Published 26 April 2004

Titanic: a night remembered
Stephanie Barczewski Hambledon and London, 382pp, £19.95
ISBN 1852854340

This is yet another book about that tragedy in the small hours of 15 April 1912, when the mighty Titanic encountered a drifting iceberg and sank with the loss of 1,500 lives. Fortunately, it is a story that never loses its power to shock, and those who have not previously read a detailed account will find this one absorbing.

I do, however, take issue with the author's assertion that there is still a dispute as to whose fault it was, and controversy as to how the passengers and crew reacted. The fact that there was a fire out of control in number ten coal bunker is not mentioned. I was also somewhat dismayed at the many references to James Cameron's film, in which smoke billowed out of all four funnels - one was an air vent - and the two lovers fled into the boiler rooms without descending vertical ladders to G deck.

One of this book's strongest arguments deals with the belief that this was a British disaster rather than an American one. Although the White Star Line was owned by the American millionaire J P Morgan, the Titanic's captain and senior officers were all British, as were 900 of her crew. British, too, or certainly not American, were several of the heroes who emerged from the tragedy, including the senior wireless operator who died at his post, the bandmaster who encouraged his musicians to continue playing as the ship began to list, her chief architect Thomas Andrews and Charles Lightoller, the heroic second officer.

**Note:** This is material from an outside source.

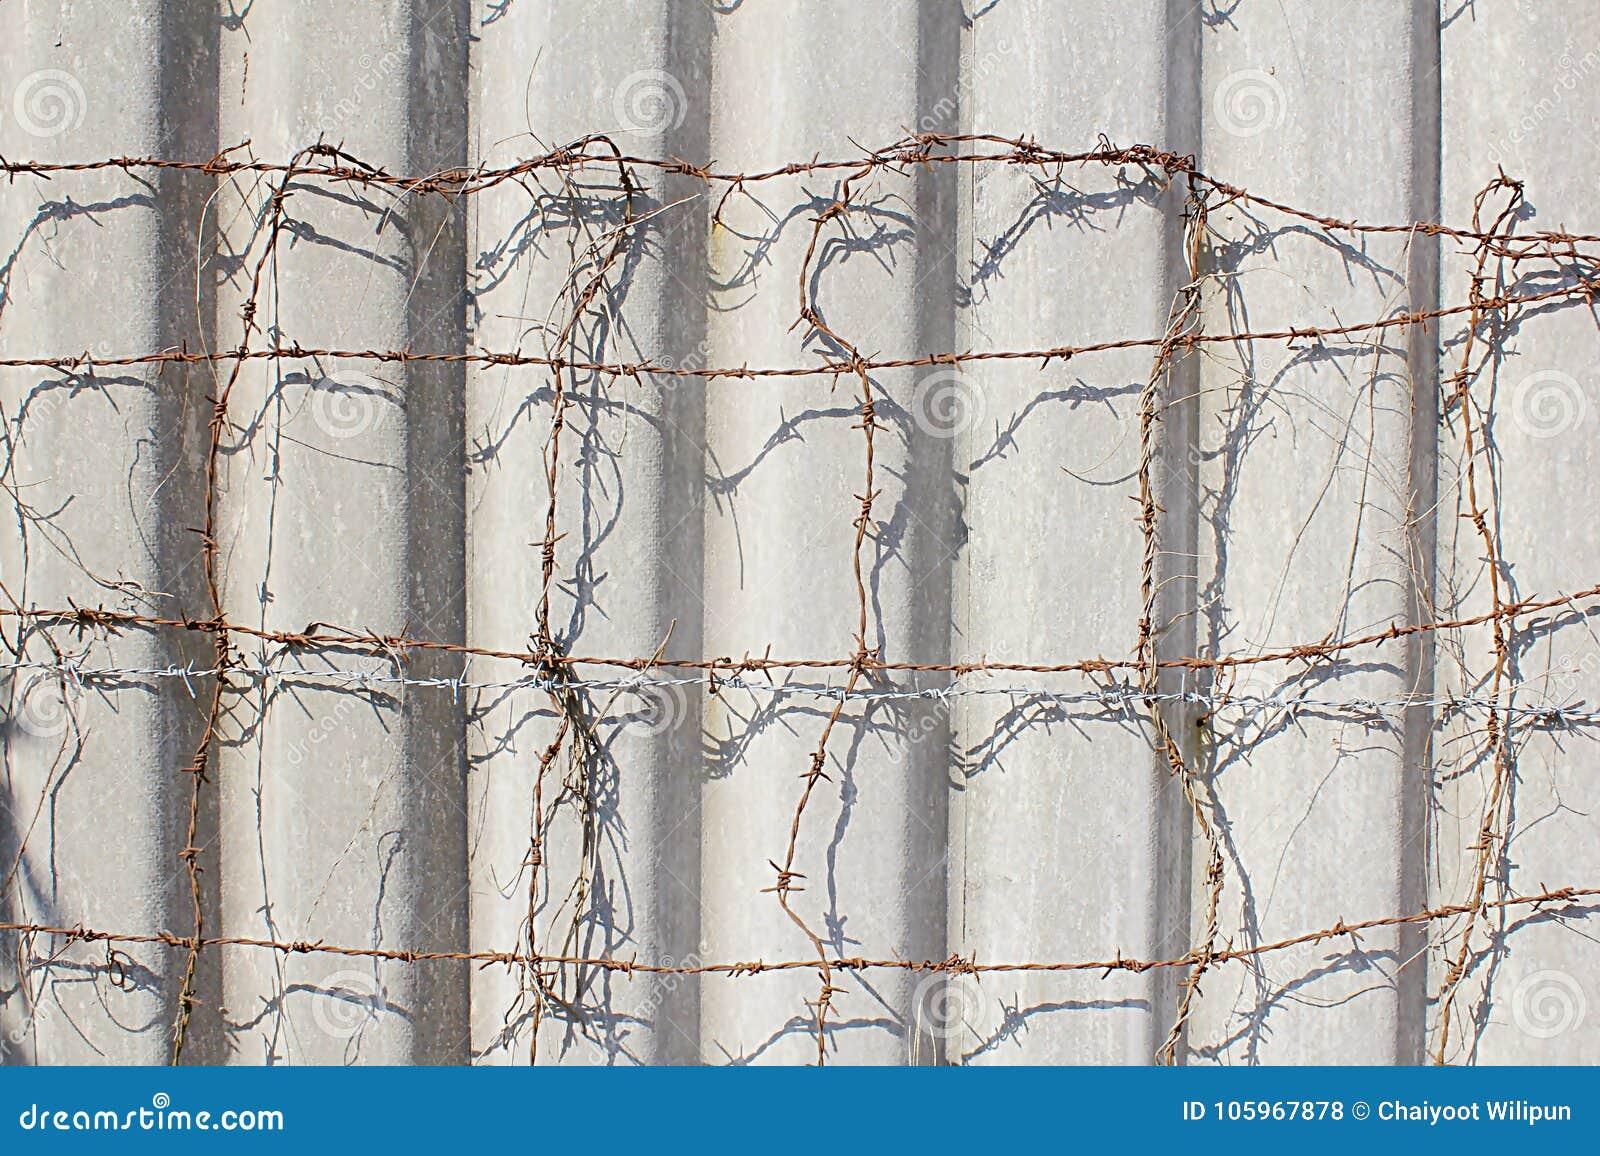 Dorable Chicken Wire Tomato Cage Ensign - Electrical Diagram Ideas ...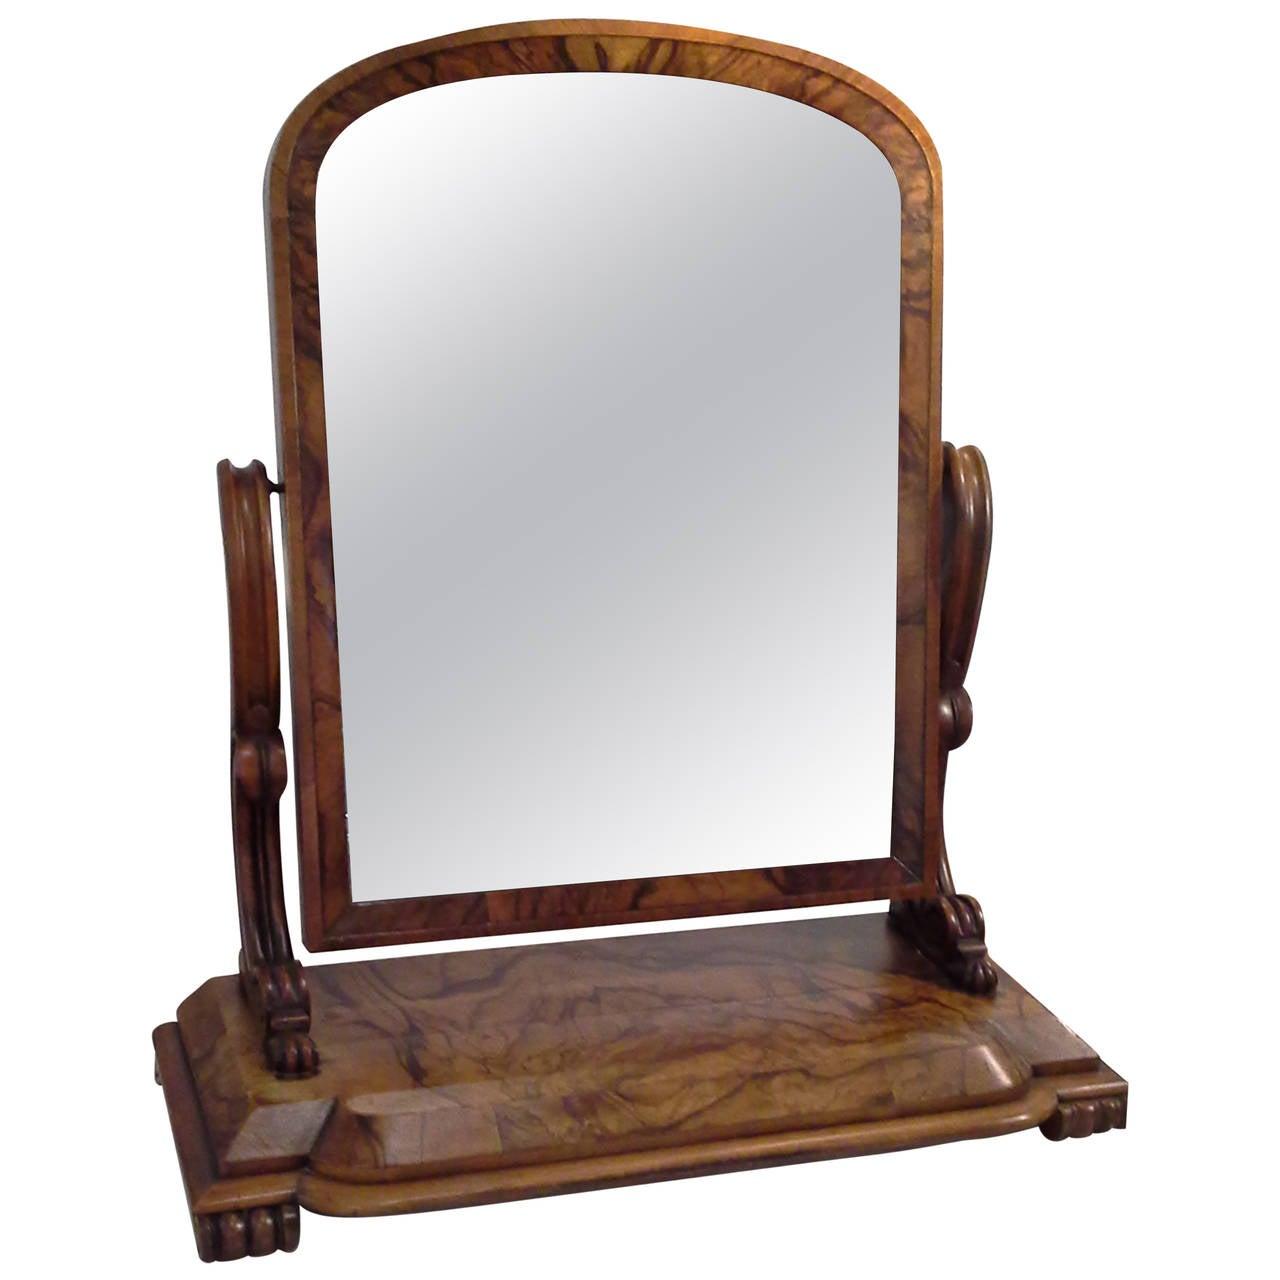 Burled Walnut Gentleman's Dressing Mirror on a Scrolled Bun Foot

Barczewski also describes the near- collision at noon on 10 April as the R M S Titanic started downstream on her maiden voyage from Southampton. Due to the suction of her giant propellers, the nearby liner New York was wrenched from her moorings, hawsers snapping with a sound like gunshots, her stern swinging dangerously towards the Titanic. Just in time, the unsinkable ship stopped her engines and tugs dragged the New York out of the way.

There was another potential danger, a very serious one, this time deep below the waterline and known to both captain and port authorities. Months before the sailing there had been a national coal strike. When it ended, every available ton of coal was purloined to fuel the Titanic. Often coal sluiced down the chutes into bunkers caused combustion, a conflagration easily put out by hosing. This happened to the Titanic, but although she was given a certificate of seaworthiness, the fire raged on. It was burning when she left the dockyards of Belfast and Southampton, still burned when she steamed from Cherbourg to Queenstown. It was finally doused two days before her brush with the iceberg, by which time her steel plates, impure and part compounded of iron, had become brittle.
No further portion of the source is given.